**Source data:**
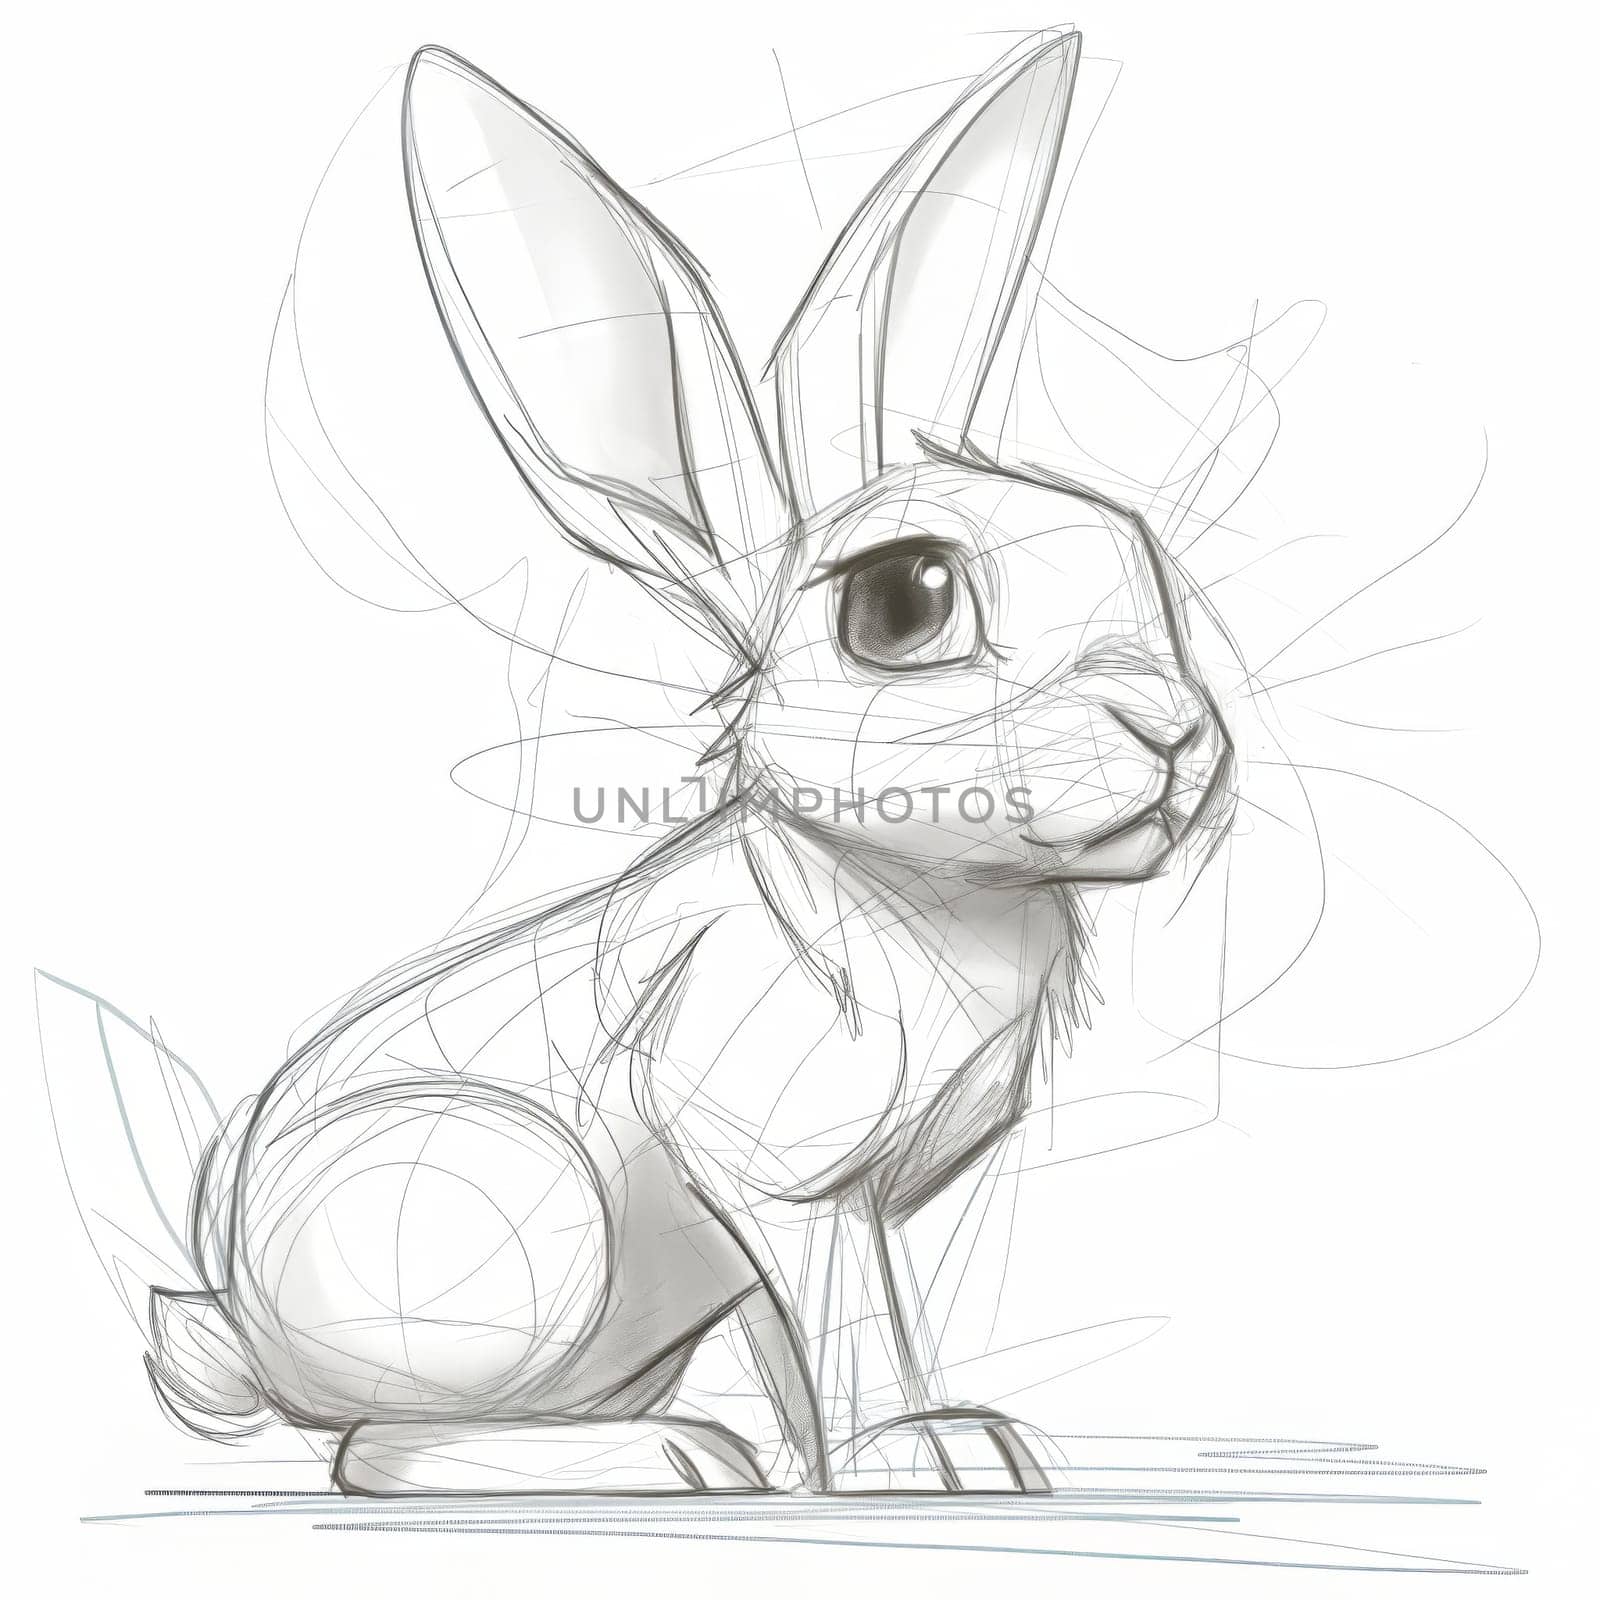 Sketch of a rabbit on a white background. by Fischeron
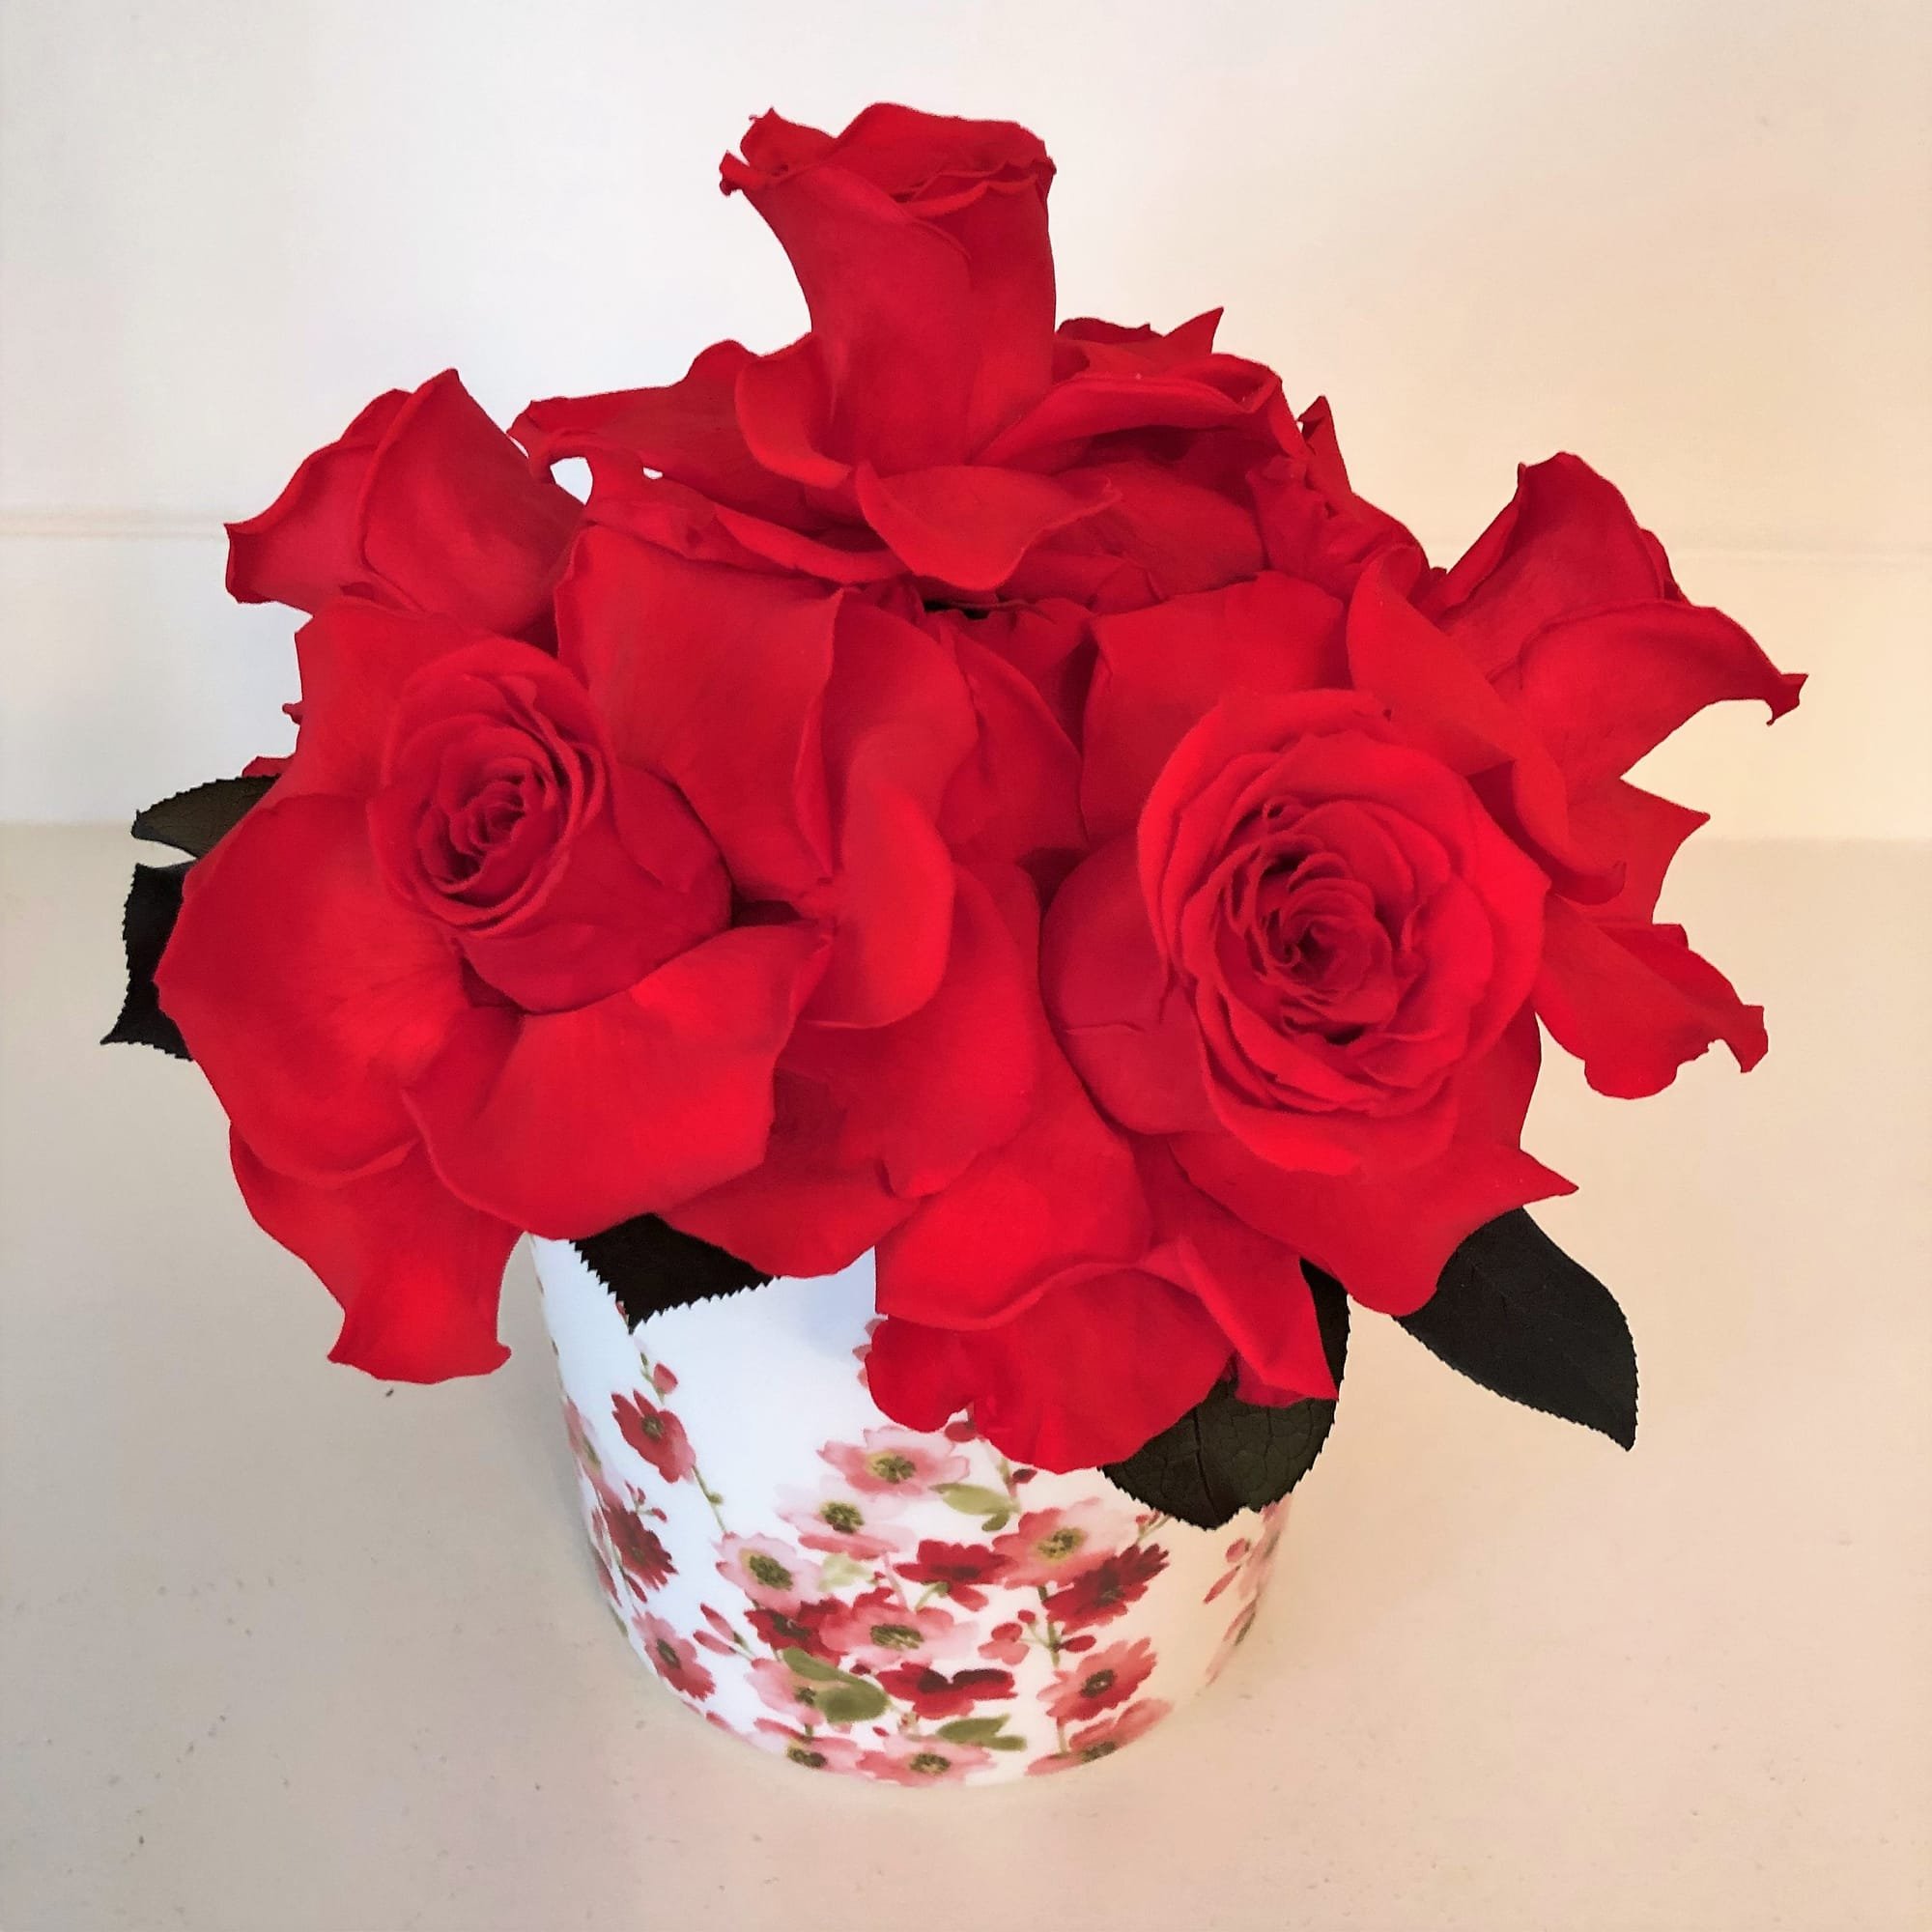 122 Red Roses in vase with Red flowers
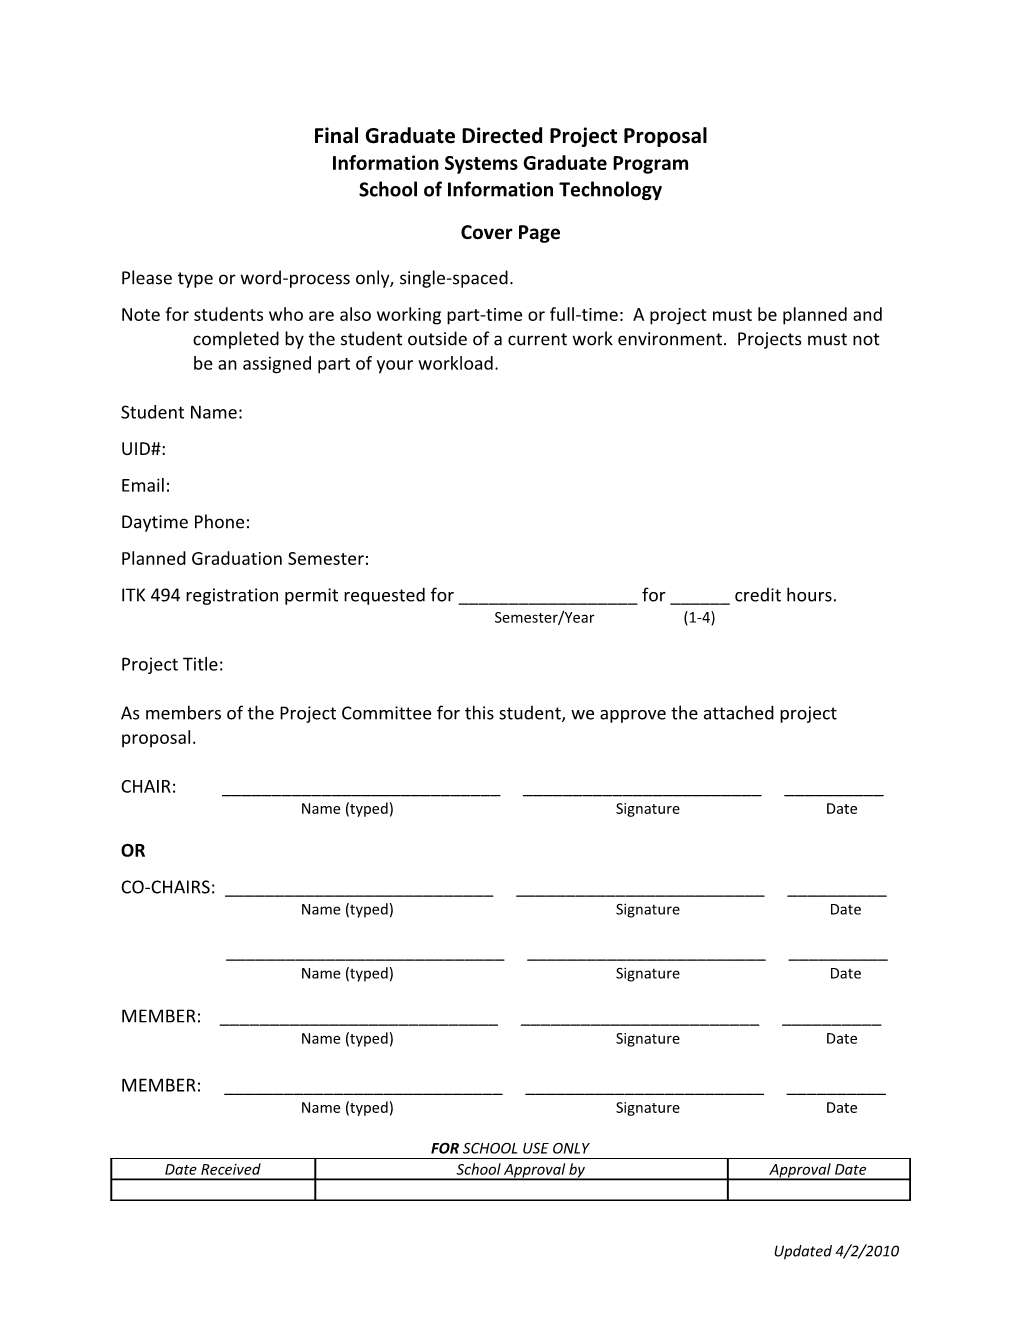 Remove This Page of Directions When Submitting Proposal

**Task directions:** Leave the images out. Set down all of the material above exactly.

**Solution to this problem:**
 Sketch of a rabbit on a white background. by Fischeron
 122 Red Roses in vase with Red flowers
 Remove This Page of Directions When Submitting Proposal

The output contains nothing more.